Die Linke und die Querfront
Das erklärte Ziel der Querfront, die Grenzen der politischen Lager zu sprengen, konnte bisher auch nicht ansatzweise erreicht werden. Der Kampf gegen Nazismus und Faschismus gehört zu den wichtigsten Bestandteilen linken Selbstverständnisses; ausweislich rechte Personen sind weithin geächtet. Die wenigsten Linken sind bereit, durch das der Querfront immer vorgelagerte ideologische Nadelöhr des völkischen Nationalismus zu gehen und die Deutschen als unterdrücktes Volk zu halluzinieren, das gegen Juden und die USA um seine Freiheit kämpfen müsse. Nur einigen Akteuren des antiimperialistischen Spektrums ist eine punktuelle Zusammenarbeit mit Rechten und „Nationalrevolutionären“ nachzuweisen.

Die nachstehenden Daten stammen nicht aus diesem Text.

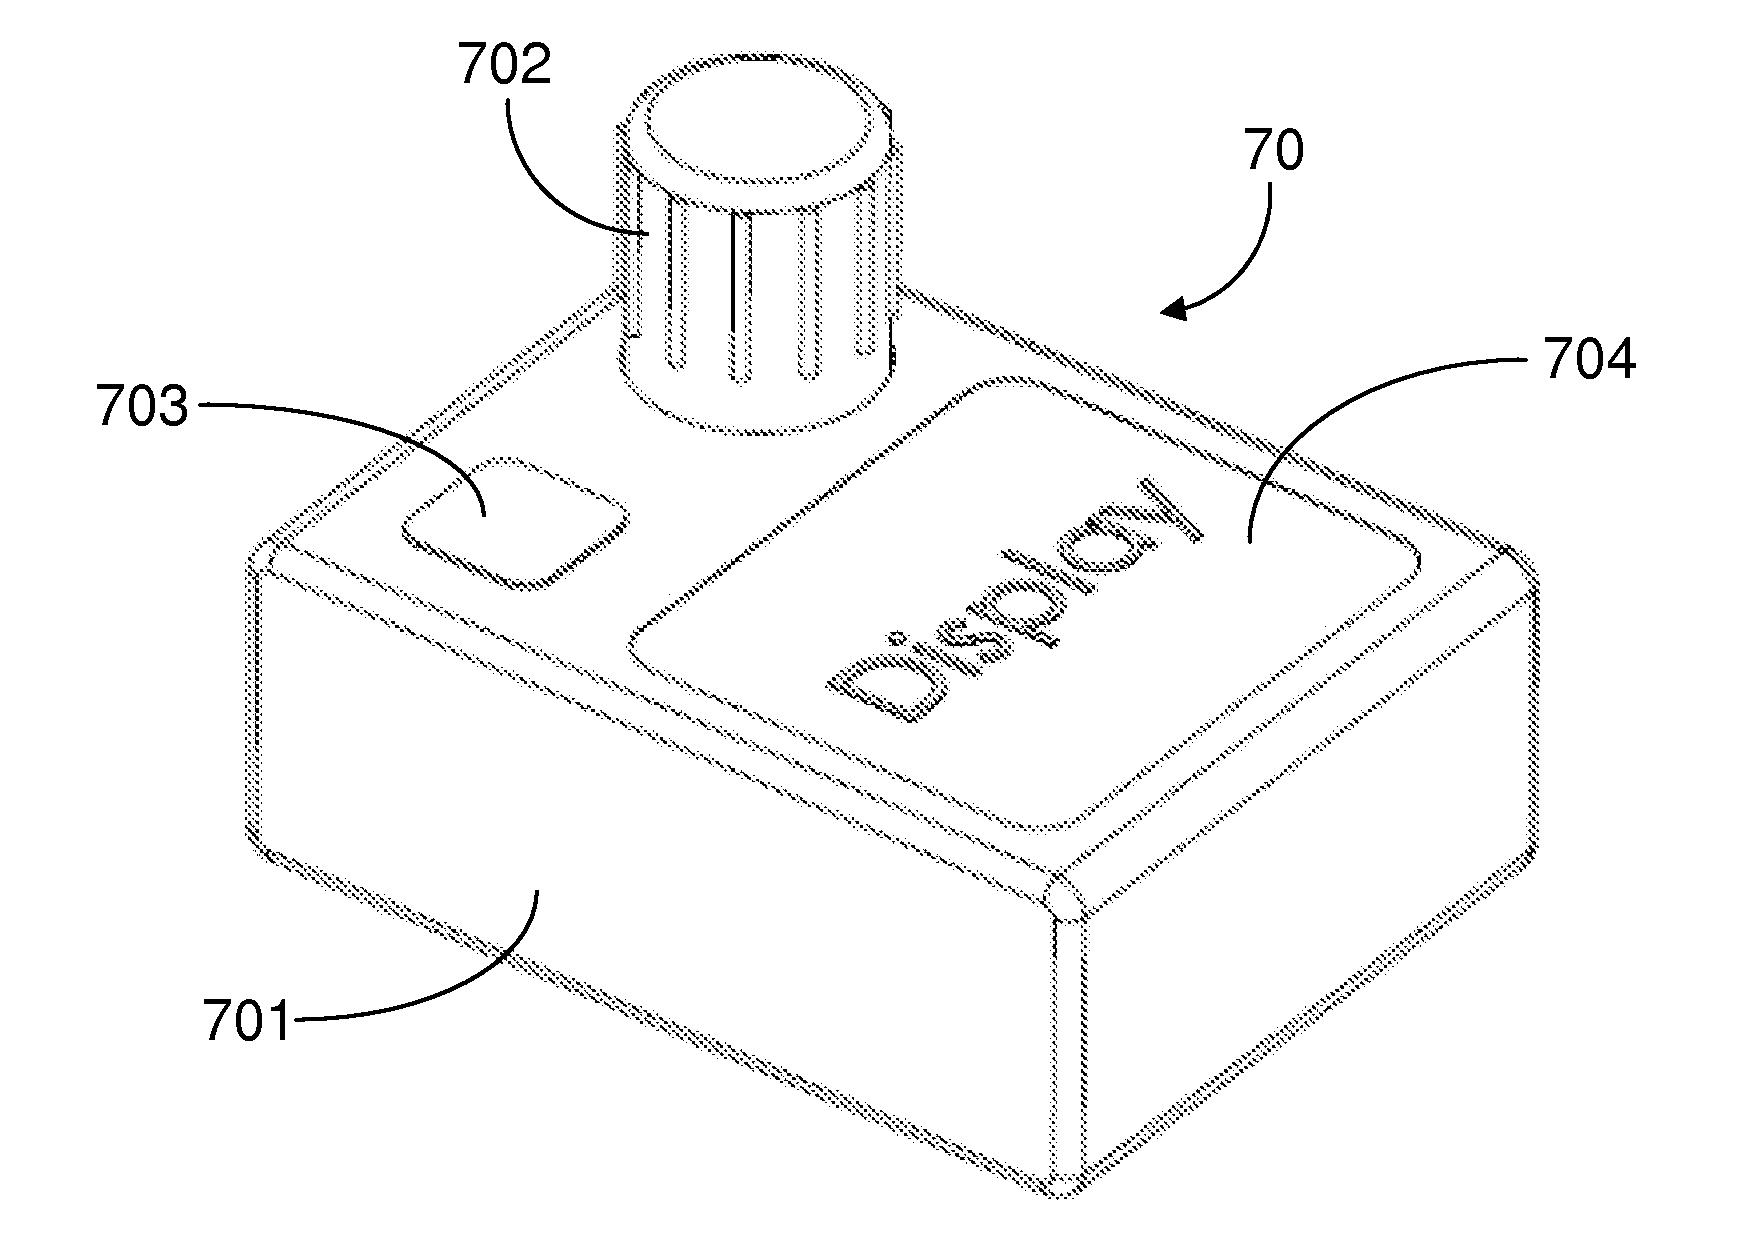 Method For Developing Parenteral Therapeutic Product With Drug Delivery Device Through Clinical Trial

Trotz des ausbleibenden Erfolgs rechter Querfrontbestrebungen kann solange keine Entwarnung gegeben werden, wie massenhaft zu beobachten ist, daß sich linke und rechte Parolen und Argumentationen wie ein Ei dem anderen ähneln. Statt den Hinweis auf Parallelen zwischen Neonazis, Islamisten und manchen Linken reflexhaft abzuwehren, täten Linke besser daran, Querfront-Phänomene als Anzeiger und Gradmesser eigener unreflektierter Praxen zu analysieren. Die Querfront dringt immer dort ein, wo antiemanzipatorische Ideologeme in der Linken fortbestehen. Einfallstore nach Rechts tun sich auf, wenn komplexe Analysen der Totalität gesellschaftlicher Verhältnisse und auch der eigenen Mitwirkung an diesen durch vereinfachte Aufteilungen der Welt in Gut und Böse, Freunde und Feinde ersetzt werden. Eine bestimmte Art verkürzter linker Kapitalismuskritik, die vorwiegend Erscheinungen der Kapitalkonzentration und –zirkulation anvisiert und im Nationalstaat eine zivilisierende Gegenmacht sieht, ist in der Linken weit verbreitet und hat tatsächlich Berührungspunkte mit dem „Sozialismus“ der Querfront.
Am augenscheinlichsten ist die Nähe zwischen rechtem und linkem Antiimperialismus: Aufteilung der Welt in „gute“ Völker und in den USA (und Israel) verortete „böse“ Machtcliquen, verschwörungstheoretische Erklärungsmuster und die Ignoranz gegenüber antiemanzipatorischen Tendenzen innerhalb der „Befreiungsbewegungen“ gibt es hüben wie drüben. Der linke Antiimperialismus reproduziert Nationalismus, indem er die Konstruiertheit und Zwanghaftigkeit ethnischer, nationaler und religiöser Kollektive ausblendet. Daher scheint trotz der vorläufigen Erfolglosigkeit der Querfront die gefährlichste Auswirkung der teilweisen ideologischen Nähe zwischen einigen rechten und linken Fraktionen die Entsolidarisierung deutscher Linker von den Linken, Oppositionellen, Frauen, Homosexuellen, AtheistInnen, Feministinnen, Säkularen, DissidentInnen, IndividualistInnen und NonkonformistInnen zu sein, die zu Opfern „nationaler Befreiungsbewegungen“ oder autoritärer Kollektive werden.